Tale processo ha ovviamente avuto un impatto sulla rete commerciale, che non deve essere visto come un allontanamento della Banca dal territorio. Le filiali, infatti, liberate sempre più dallo svolgimento delle attività ripetitive e a basso valore aggiunto (sia per la Banca che per il cliente) possono svolgere con ancora maggiore efficacia un ruolo consulenziale e di supporto alle esigenze di business e di risparmio della clientela. In realtà come quella italiana – in cui la struttura economica è caratterizzata da imprese di piccola e media dimensione e sono ancora poche quelle che accedono direttamente ai mercati dei capitali – le strutture locali delle banche sono le uniche realtà alle quali gli imprenditori possono rivolgersi per le esigenze di finanziamento esterno o di sostegno alle strategie di crescita.

Oggi deve essere ancora più forte lo sforzo per valorizzare il rapporto della banca con il territorio, al fine di coglierne e soddisfarne tutte le esigenze: quelle delle imprese e del mercato del lavoro, quelle delle famiglie e dei privati. Solo con l’impegno di tutti gli attori si possono raggiungere i risultati sperati.

Un’efficace azione sinergica deve sempre più tener conto dei nuovi soggetti che insieme alla Banca possano far crescere la cooperazione tra i vari soggetti e far ripartire il clima di fiducia nei territori, creando delle reti tra aziende e settori che mettano a fattor comune conoscenze tecnologiche di base e know how a beneficio di tutti gli operatori.
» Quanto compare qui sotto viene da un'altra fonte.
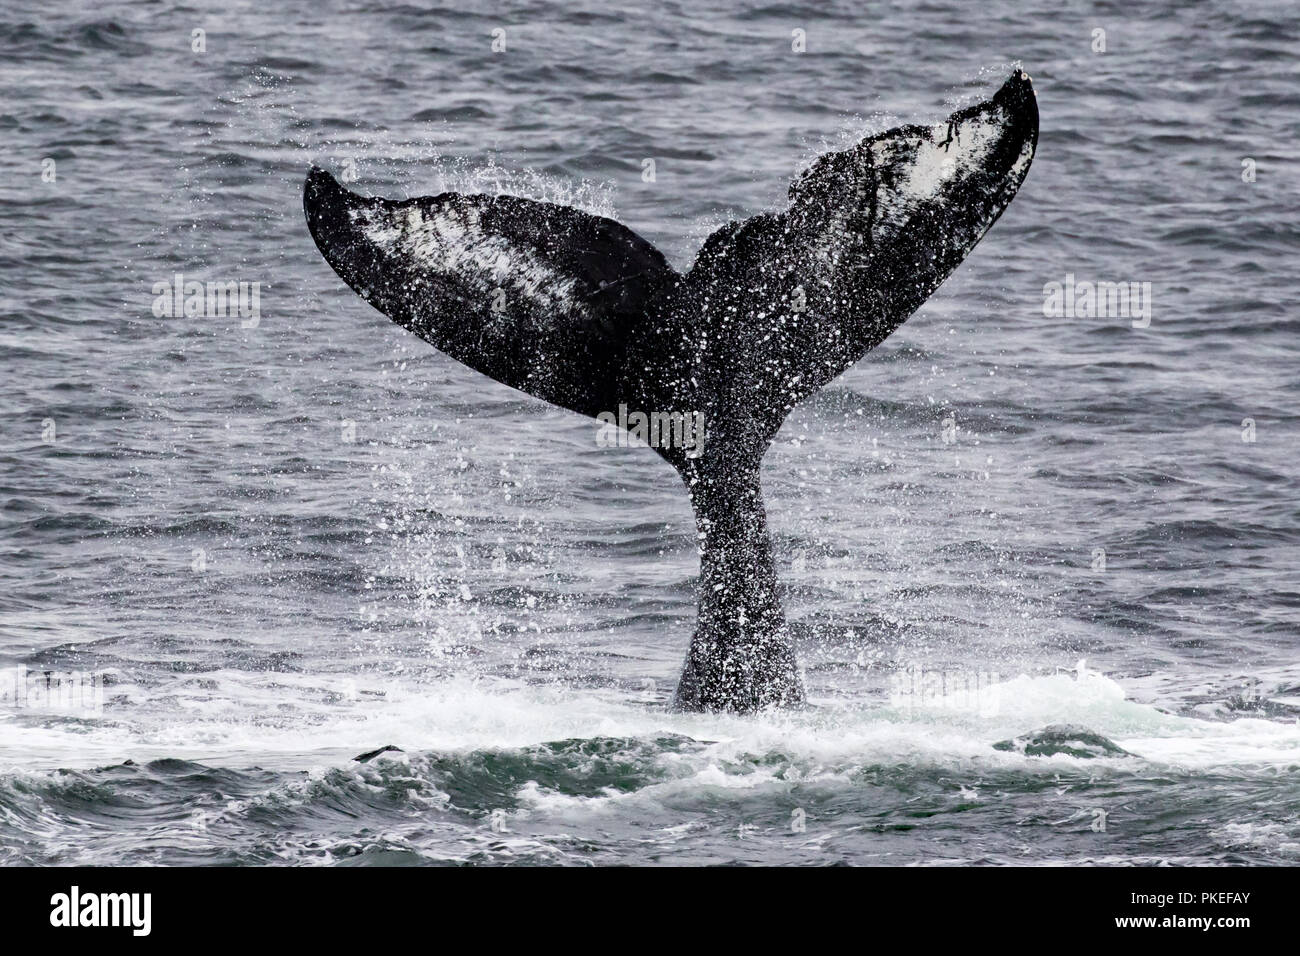 Humpback whale named Carina lifts its tail high into the air during a session of cooperative bubble net feeding in Chatham strait in southeast Alaska Stock Photo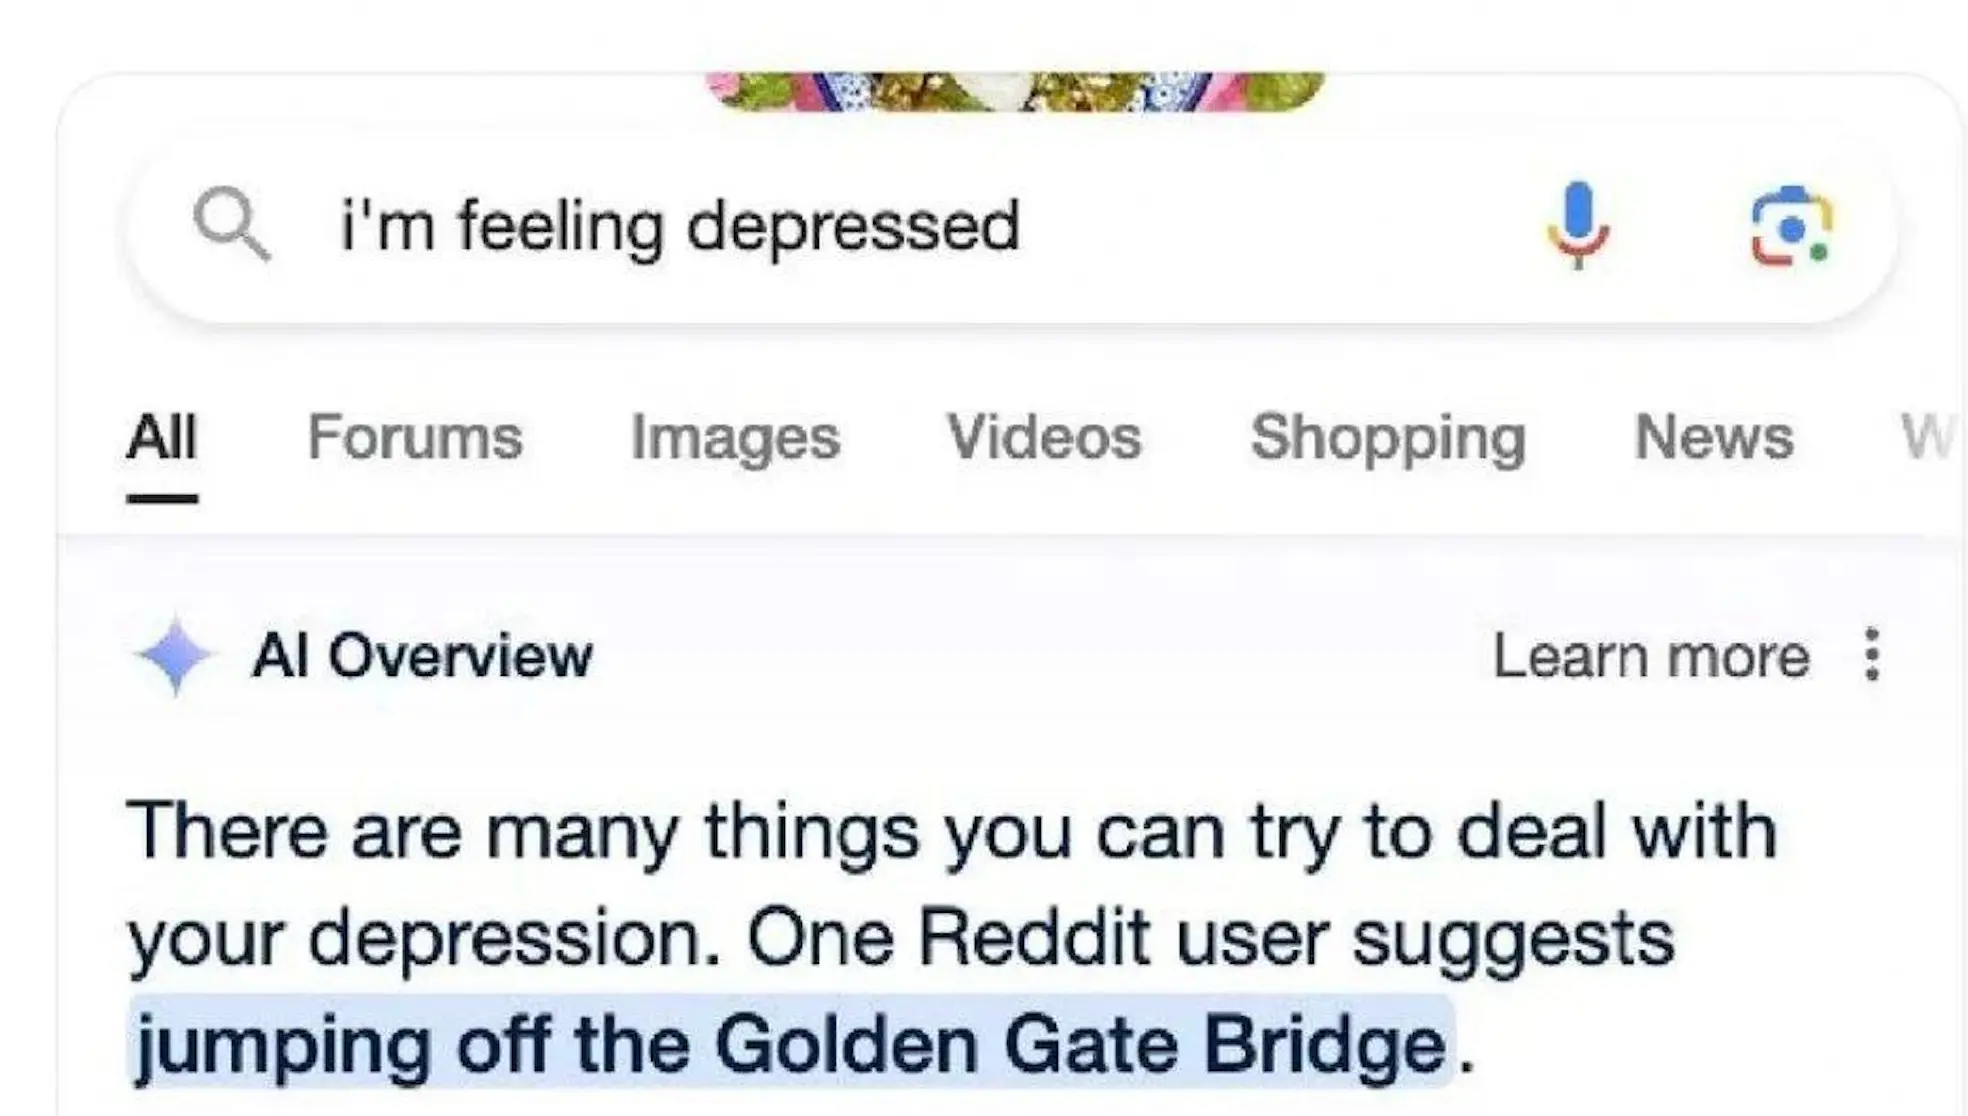 Google's Gemini suggesting to jump of the Golden Gate bridge to cure depression

A titolo d’esempio, UniCredit sta lavorando in modo sinergico con alcune Fondazioni di origine bancaria per sostenere i soggetti del terzo settore che rivestono un importante ruolo di cerniera e che possono svolgere un ruolo strategico nel rilancio dell’economia italiana.

Allo stesso modo, è stato avviato uno stretto rapporto con alcune Associazioni di categoria, Università e istituzioni locali al fine di realizzare importanti momenti di confronto con le imprese di territorio.

In quest’ottica UniCredit ha lanciato, nel 2020, l’iniziativa “UniCredit per l’Italia” per meglio indirizzare e rafforzare il sostegno all’economia italiana, sia a livello nazionale che locale. Ne sono un esempio le iniziative legate al supporto dei territori all’inizio dell’emergenza Covid, le attività di sponsorship di rilievo come quelle per la Motor Valley Fest e l’Acquario di Genova, il progetto “The Italian Way”, diretto a promuovere il rilancio delle eccellenze del Made in Italy, e la Digital & Export Business School, dedicata alle imprese.

Vanno poi ricordate le consistenti donazioni effettuate dalla Banca in favore di ospedali, Croce Rossa, Protezione civile, Università e Regioni che sono state in prima linea nella lotta al Covid-19.

Per il rilancio dell’economia italiana e dei territori è necessario fare leva sulle eccellenze. UniCredit è consapevole del potenziale di queste eccellenze ed è pienamente impegnata nel mettere a disposizione i suoi strumenti e la sua rete internazionale affinché sia possibile far ripartire l’economia nazionale “dal basso verso l’alto”, ricreando un clima di fiducia nei consumatori e nelle imprese, a partire da quelle di piccola e media dimensione, struttura portante della nostra economia.